In theory, the Trade Disputes Act permits workers to strike provided that 21 days have elapsed following the submission to the Minister of Labor of a written report detailing the nature of the dispute. In 1993, however, the Minister of Labor declared several strikes illegal. A case in point was the KNUT strike in July 1993, for which the required notice had been given. It was averted at the last minute. Others included the national two-day strike after Labor Day, a one-day strike called by the Islamic Party of Kenya in Mombasa, and an air traffic controllers' slowdown in November, 1993. The military, police, prison guards and members of the National Youth Service are precluded by law from striking. Kenyan labor legislation is silent on the issue of national strikes.

Internationally, COTU is affiliated with both the continent wide Organization of African Trade Union Unity and the International Confederation of Free Trade Unions (ICFTU). COTU affiliates are free to establish linkages to international trade secretariats of their choice.

b. The Right to Organize and Bargain Collectively.—The 1962 Industrial Relations Charter, executed by the government, COTU and the Federation of Kenya Employers, gives workers the right to engage in legitimate trade union organizational activities. This charter does not have the force of law.

Both the Trade Disputes Act and the Charter authorize collective bargaining between unions and employers. Wages and conditions of employment are established by negotiations between unions and management. In 1994, government wage policy guidelines which limited salary increments were relaxed as was the employers' authority to declare workers redundant. Collective bargaining agreements must be registered with the Industrial Court. The Export Promotion Zone Authority has determined that local labor laws, including the right to organize and bargain collectively, will apply in EPZs. In practice, exemptions and conditions have been granted within the Zones, giving rise to public criticism in 1994.

c. Prohibition of Forced or Compulsory Labor.-The Constitution proscribes slavery, servitude, and forced labor. Under the Chiefs' Authority provisions, people may be required to perform community service in an emergency but there are no known recent instances of this practice. People so employed must be paid the prevailing wage. The International Labor Organization's (ILO) committee of experts has found this provision of Kenyan law in contravention of ILO conventions 29 and 105 on forced labor.
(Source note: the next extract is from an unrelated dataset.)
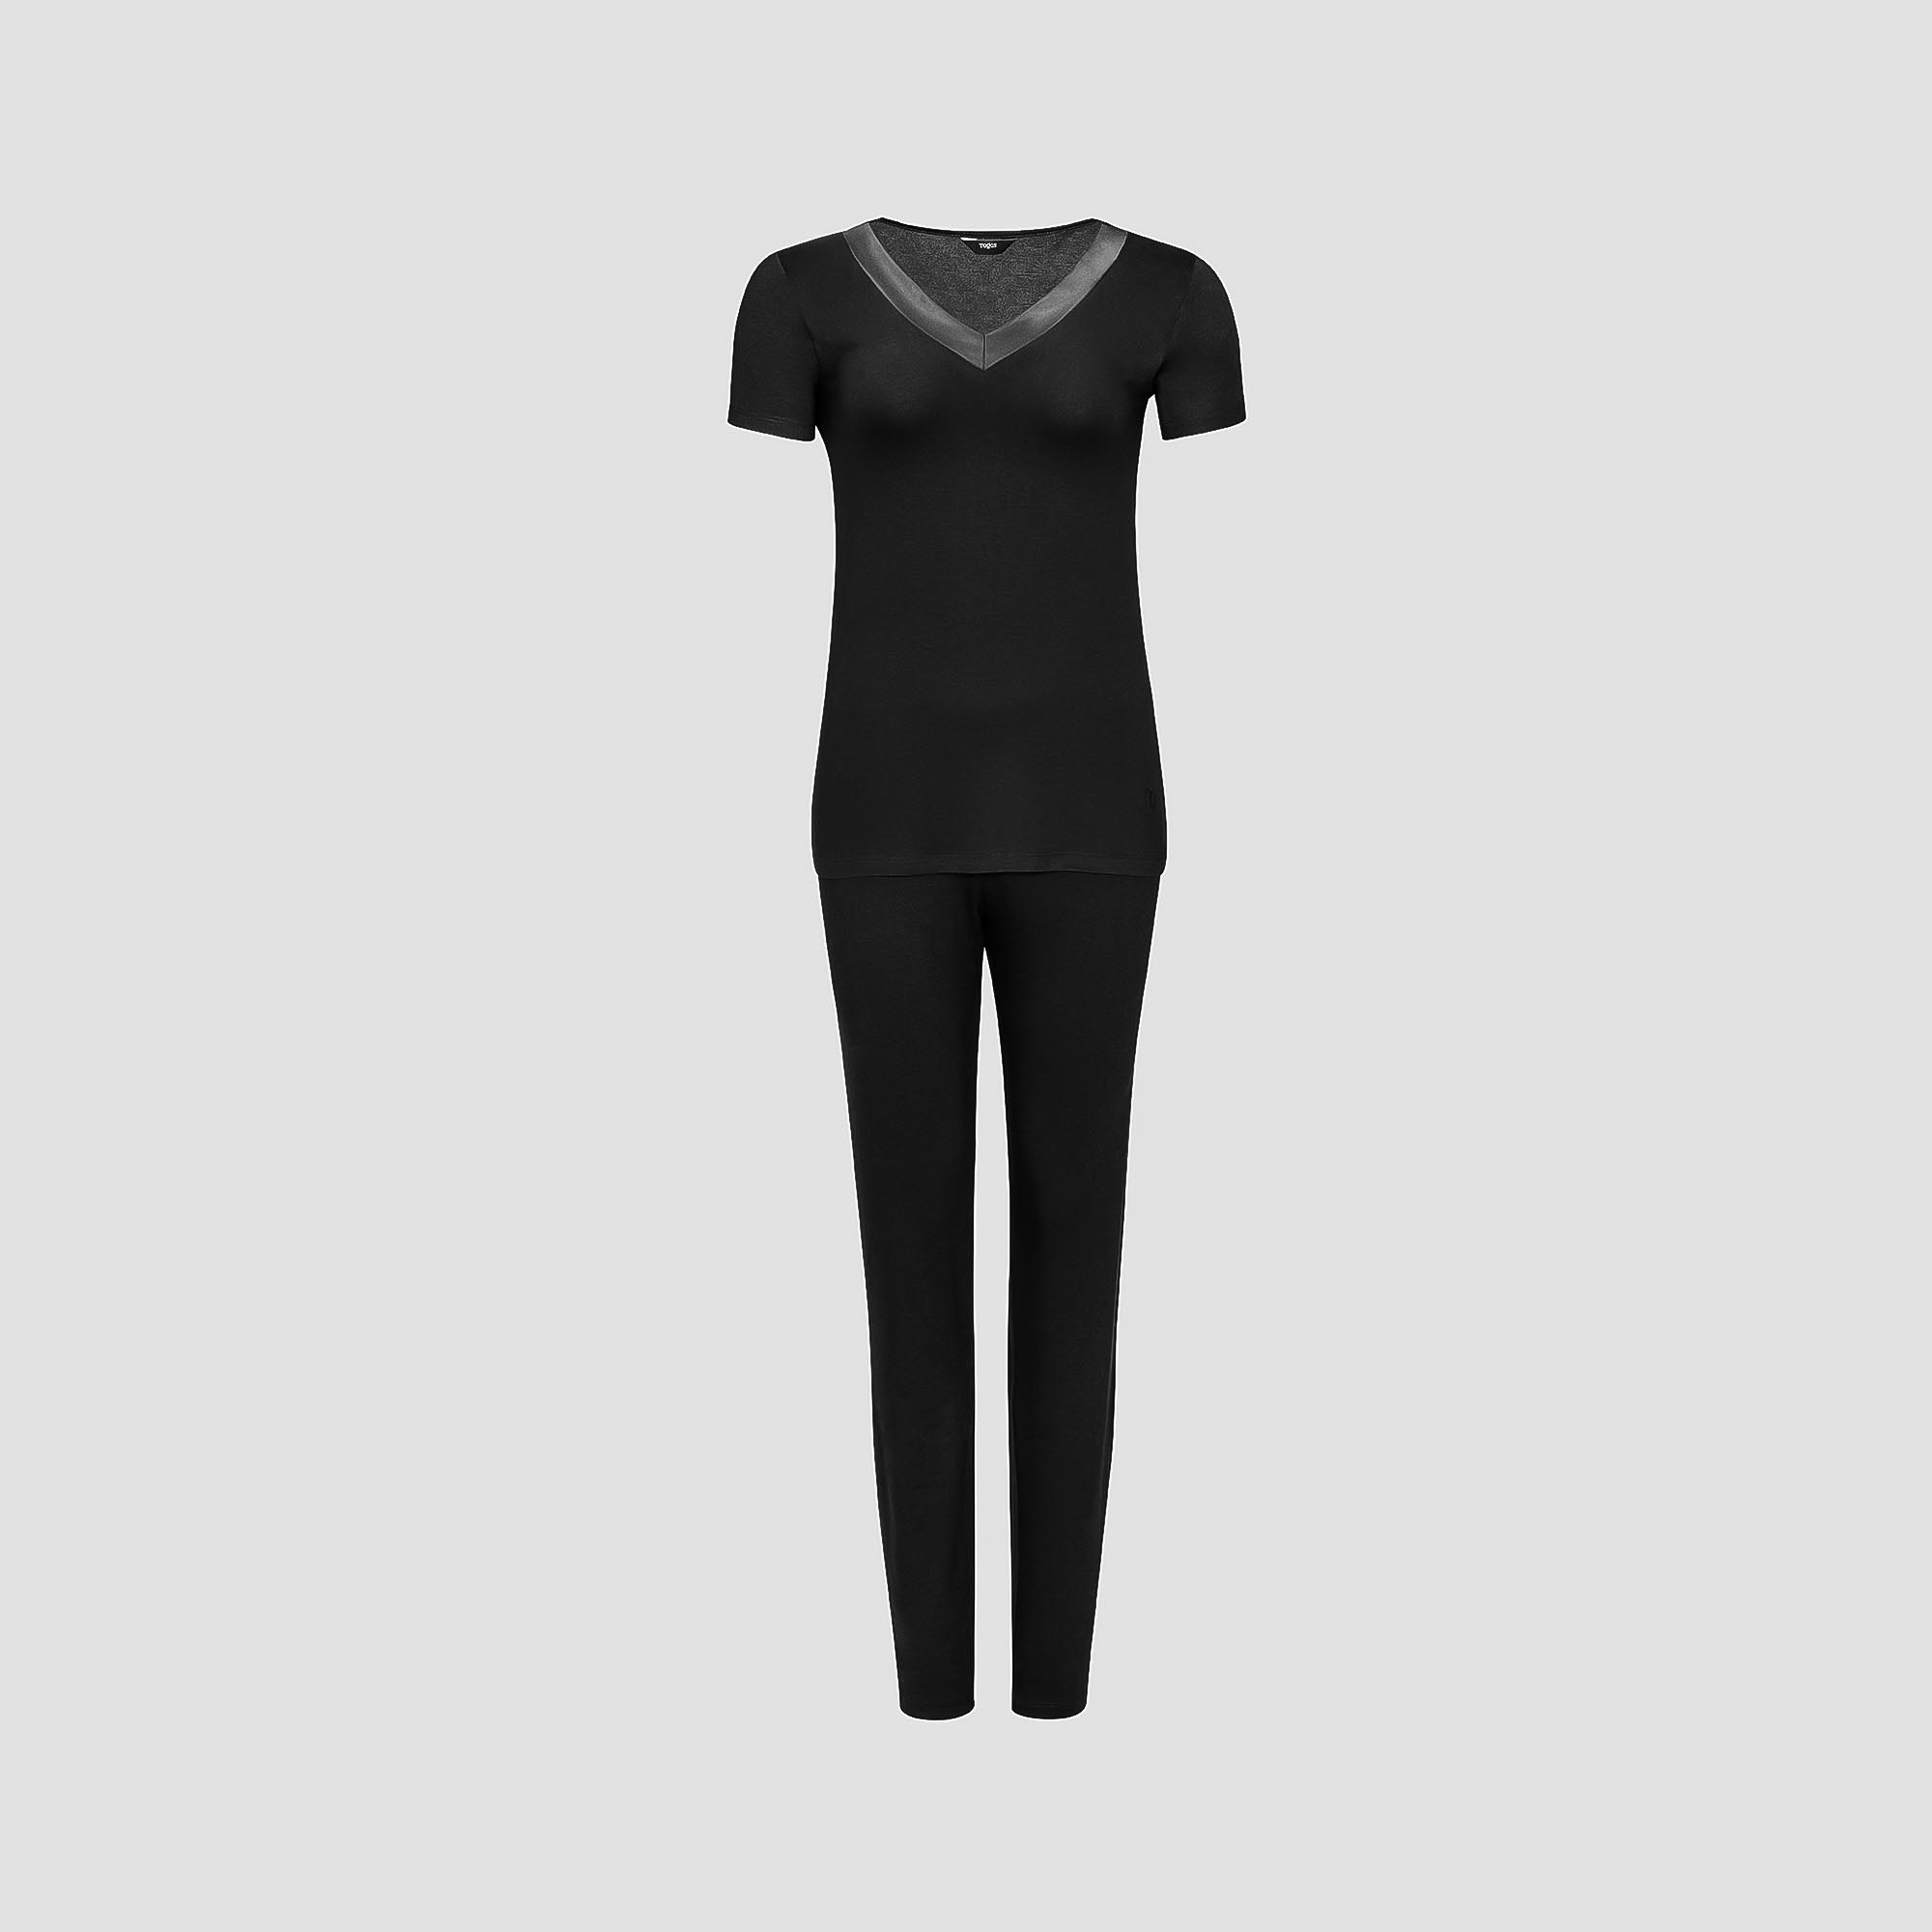 Пижама Togas Ингелла черная женская M(46) 2 предмета

d. Minimum Age for Employment of Children.-The Employment Act of 1976 proscribes the employment of children under the age of 16 in any industrial undertaking. The law does not apply to the agricultural sector, where about 70 percent of the labor force is employed, or to children serving as apprentices under the terms of the Industrial Training Act. Ministry of Labor officers are authorized to enforce the minimum age statute. Given the high levels of adult unemployment and underemployment, the employment of children in the formal wage sector is not a significant problem.
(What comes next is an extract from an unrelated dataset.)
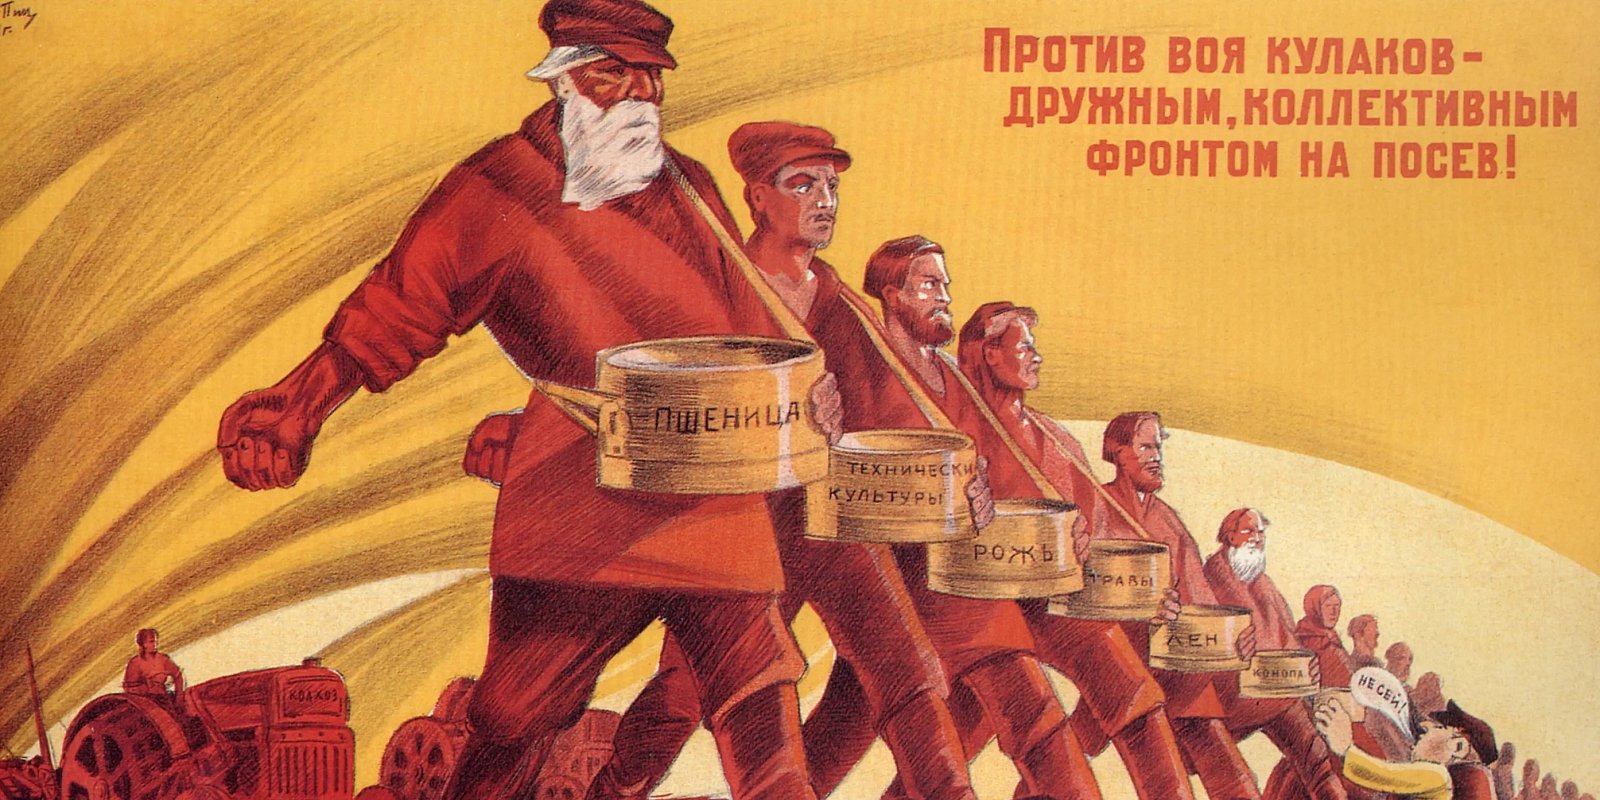 Плакат И. С. Шульпина. Фото: общественное достояние

e. Acceptable Conditions of Employment.-In 1994, minimum unskilled worker salaries averaged less than thirty dollars per month. The normal work week, by law, is limited to 52 hours, except for nighttime employees (60 hours) and agricultural workers (excluded). Non-agricultural employees receive a minimum of one rest day in a week, one month's annual leave, and sick leave. By law, total hours worked (i.e., regular time plus overtime), in any two-week period for night workers cannot exceed 144 hours; the limit is 120 hours for other workers. The Ministry of Labor is tasked with enforcing these regulations, but reported violations are few. The Factories Act of 1951 which sets forth detailed health and safety standards, was amended in 1990 to encompass the agriculture, service and government sectors. Inspection of work sites continued to improve, although "whistle blowers" are not protected. Kenya's worker compensation regulations do not yet comply with the provisions of ILO Convention No. 17.